**WHAT NEEDS TO BE DONE**
Retype the material that follows exactly, limited to the lines from the one with "Pgc93326 0.25 Ml" through the one with "HVAC Air Vent", and keep out all pictures.

*** DATASET SECTION ***

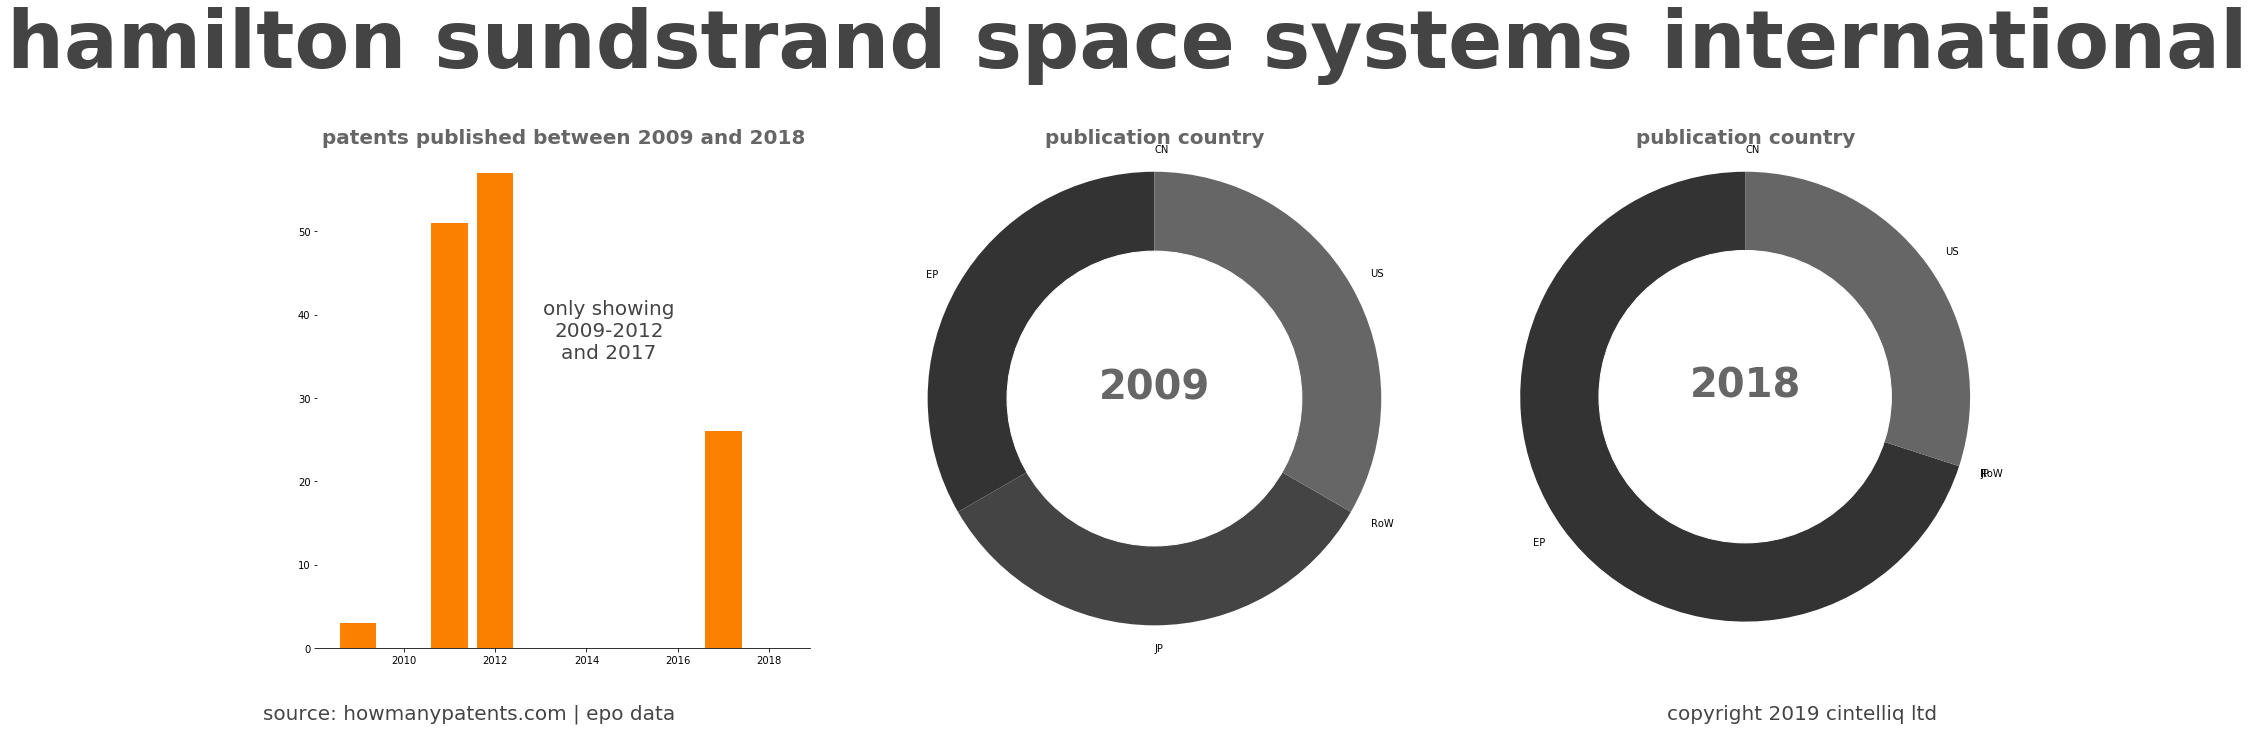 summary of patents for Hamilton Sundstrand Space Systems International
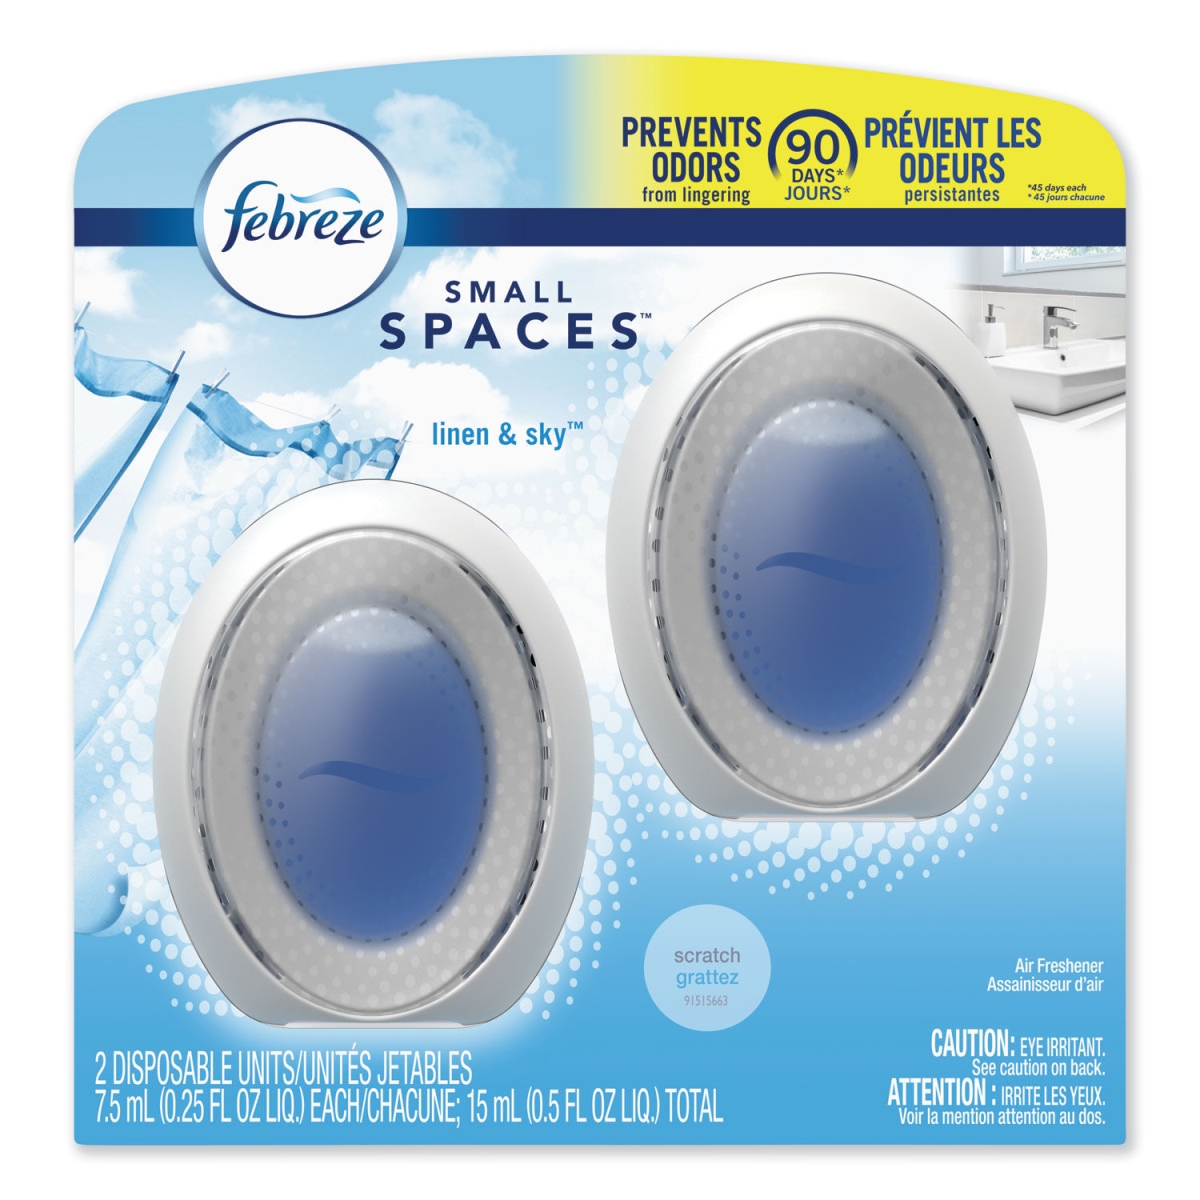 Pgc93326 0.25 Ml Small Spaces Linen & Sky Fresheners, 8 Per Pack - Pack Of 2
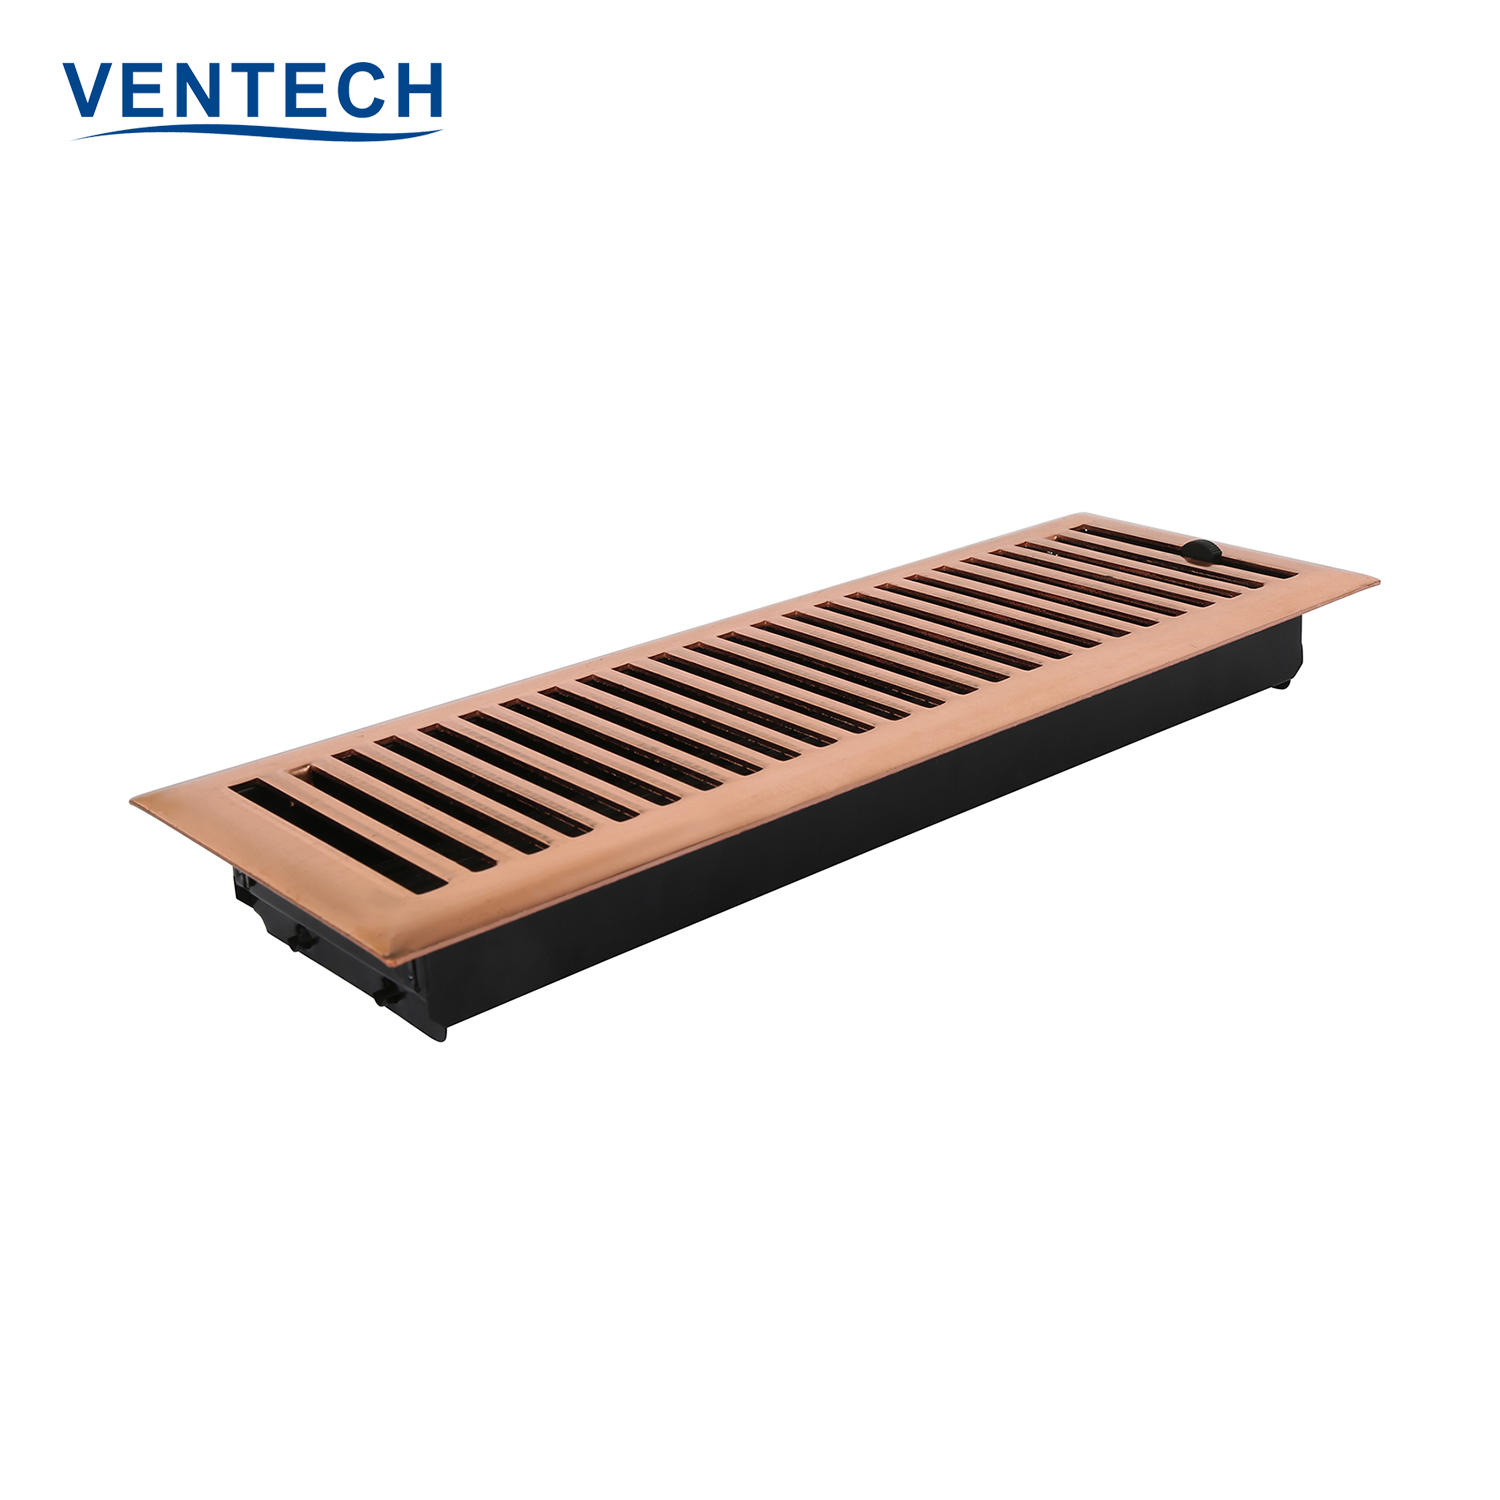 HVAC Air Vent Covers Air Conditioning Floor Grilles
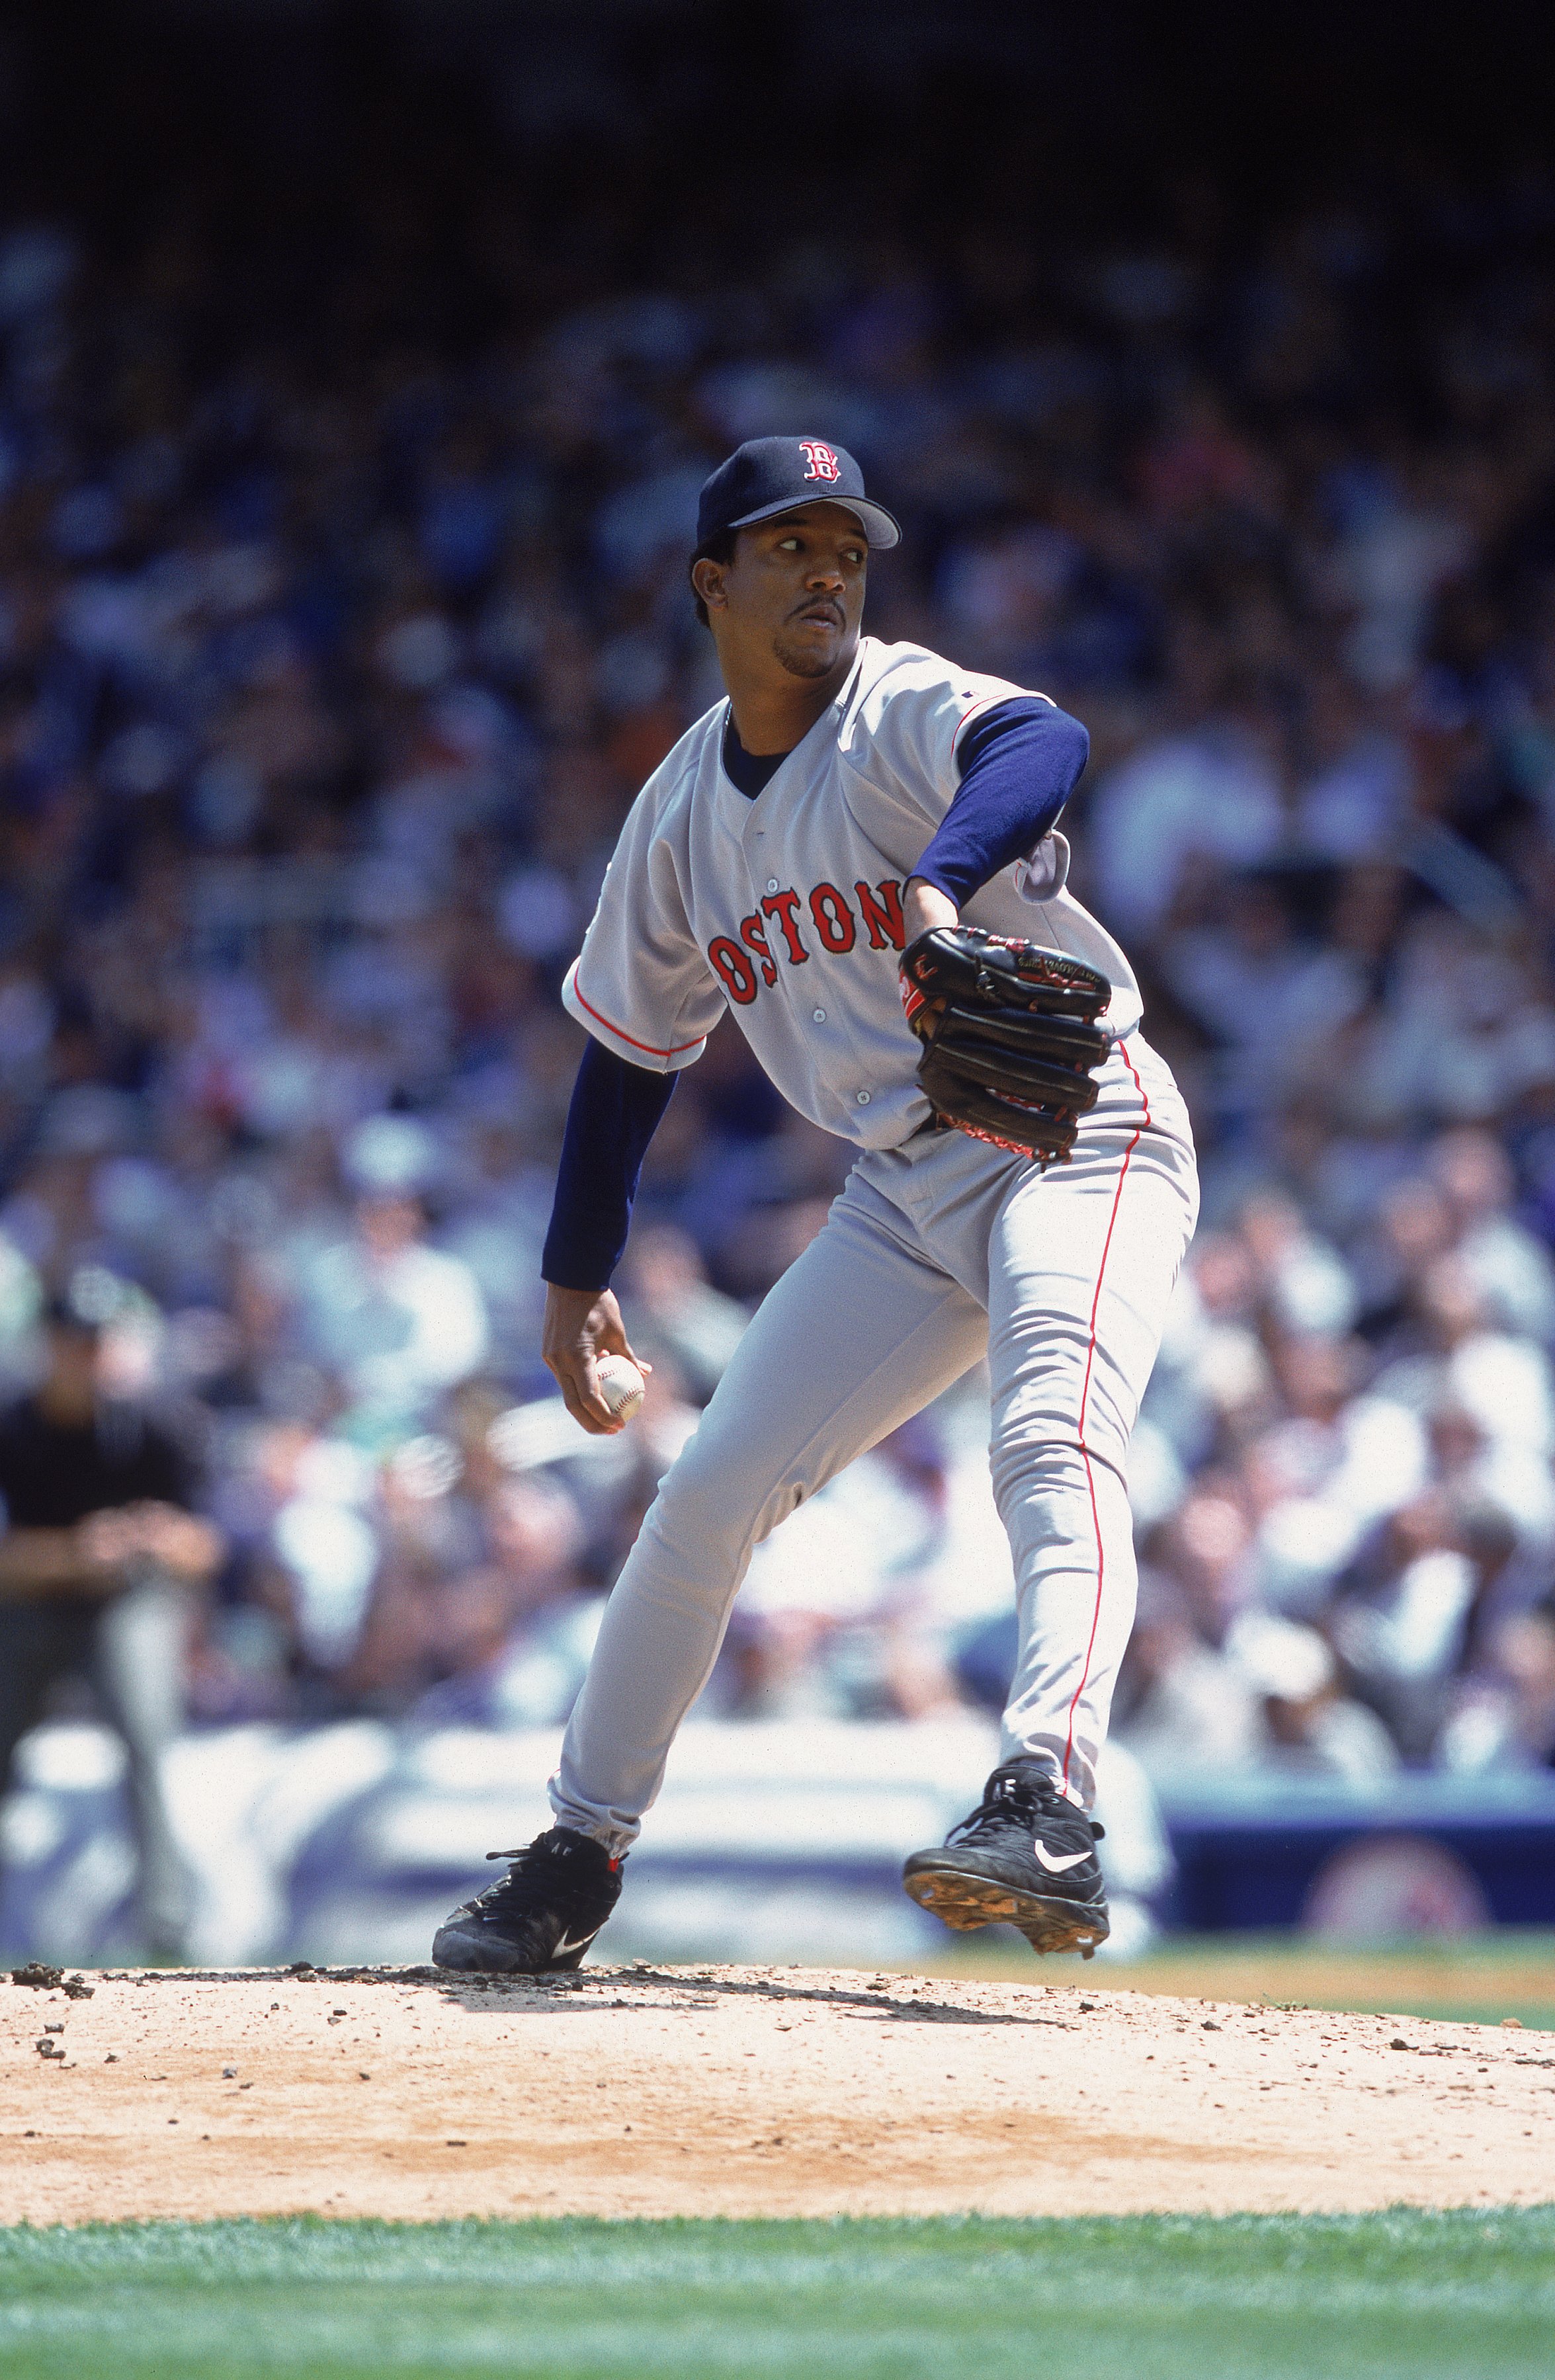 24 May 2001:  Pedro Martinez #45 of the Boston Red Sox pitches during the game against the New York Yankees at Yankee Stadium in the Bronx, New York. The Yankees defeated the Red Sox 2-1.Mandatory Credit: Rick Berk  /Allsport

*** End of DATASET SECTION ***

**EXERCISE ANSWER**
 Pgc93326 0.25 Ml Small Spaces Linen & Sky Fresheners, 8 Per Pack - Pack Of 2
 HVAC Air Vent Covers Air Conditioning Floor Grilles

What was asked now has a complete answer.